Alternatively, if anyone is aware of a better solution in R, I'm happy to use that. I've spent enough time on this I probably would have been better served implementing Aho-Corasick.
1 Some of those are ambiguity codes, but for simplicity, ignore that.

I learned Rcpp and implemented an Aho-Corasick myself. Now CRAN has a good general purpose multiple-keyword search package.
Here are some usage examples:
listEquals = function(a, b) { is.null(unlist(a)) && is.null(unlist(b)) || !is.null(a) && !is.null(b) && all(unlist(a) == unlist(b)) }
# simple search of multiple keywords in a single text
keywords = c("Abra", "cadabra", "is", "the", "Magic", "Word")
oneSearch = AhoCorasickSearch(keywords, "Is Abracadabra the Magic Word?")
stopifnot(listEquals(oneSearch[[1]][[1]], list(keyword="Abra", offset=4)))
stopifnot(listEquals(oneSearch[[1]][[2]], list(keyword="cadabra", offset=8)))

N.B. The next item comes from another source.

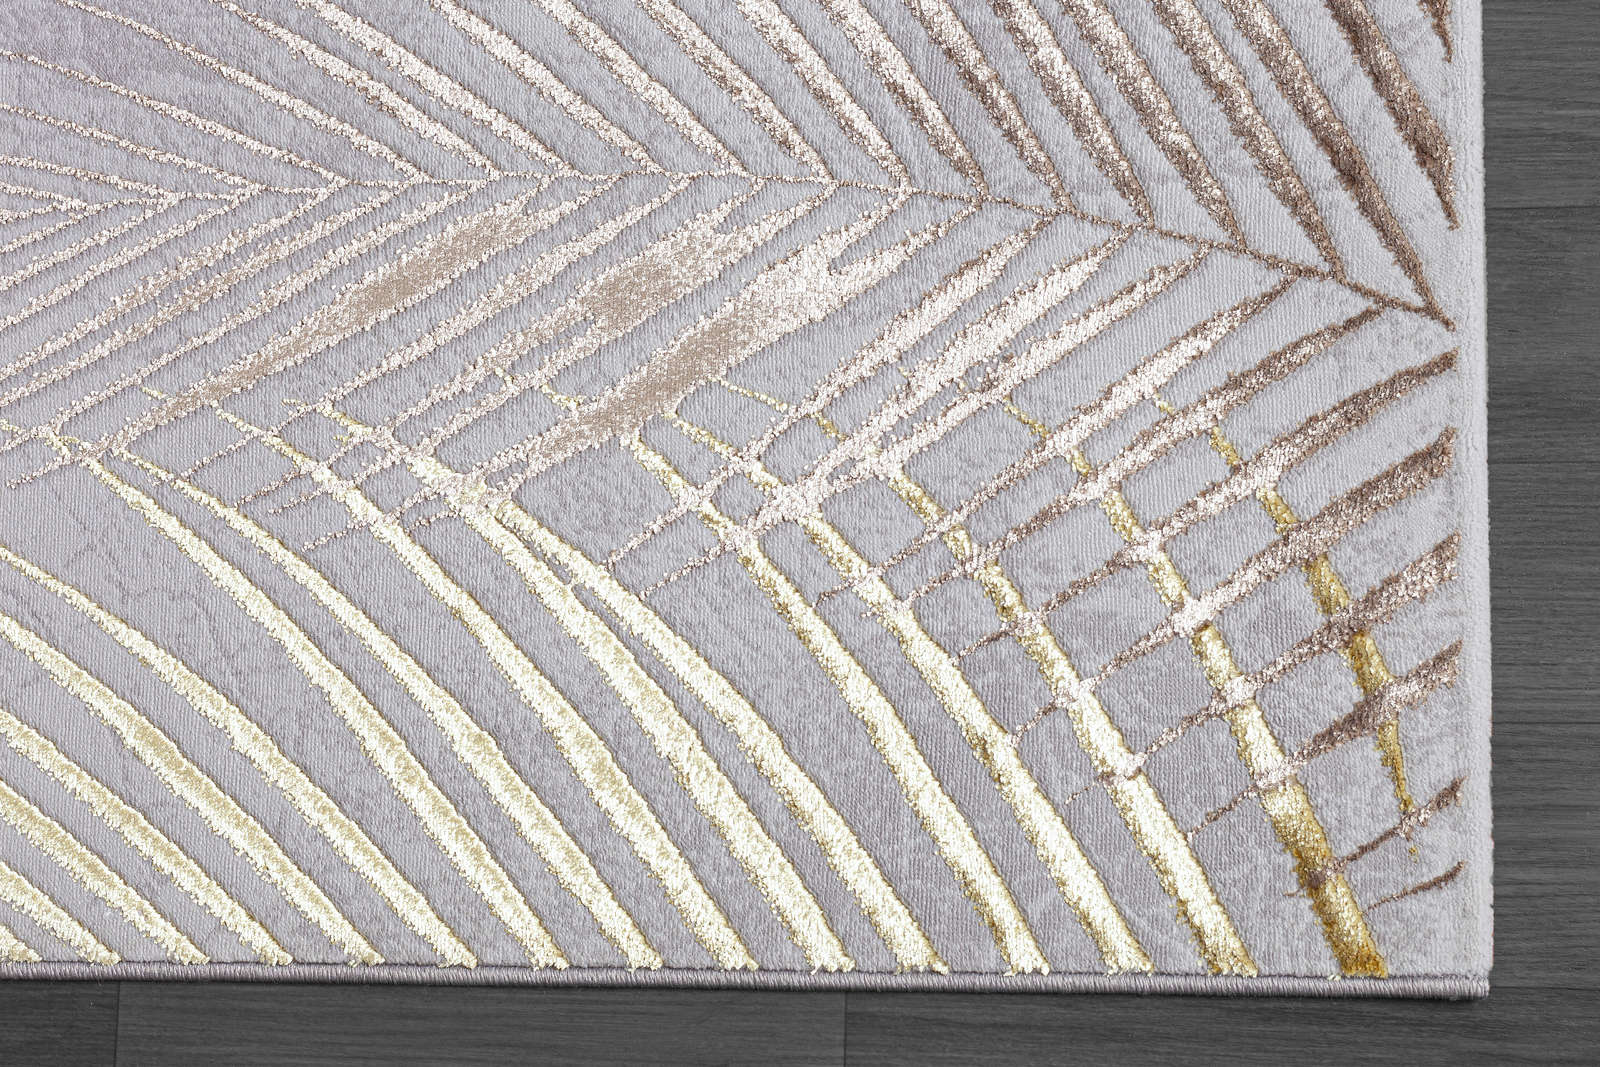             Knuffelzacht hoogpolig tapijt in grijs als loper - 230 x 160 cm

stopifnot(listEquals(oneSearch[[1]][[3]], list(keyword="the", offset=16)))
stopifnot(listEquals(oneSearch[[1]][[4]], list(keyword="Magic", offset=20)))
stopifnot(listEquals(oneSearch[[1]][[5]], list(keyword="Word", offset=26)))
# search a list of lists
# * sublists are accessed by index
# * texts are accessed by index
# * non-matched texts are kept (to preserve index order)
listSearch = AhoCorasickSearchList(keywords, list(c("What in", "the world"), c("is"), "secret about", "the Magic Word?"))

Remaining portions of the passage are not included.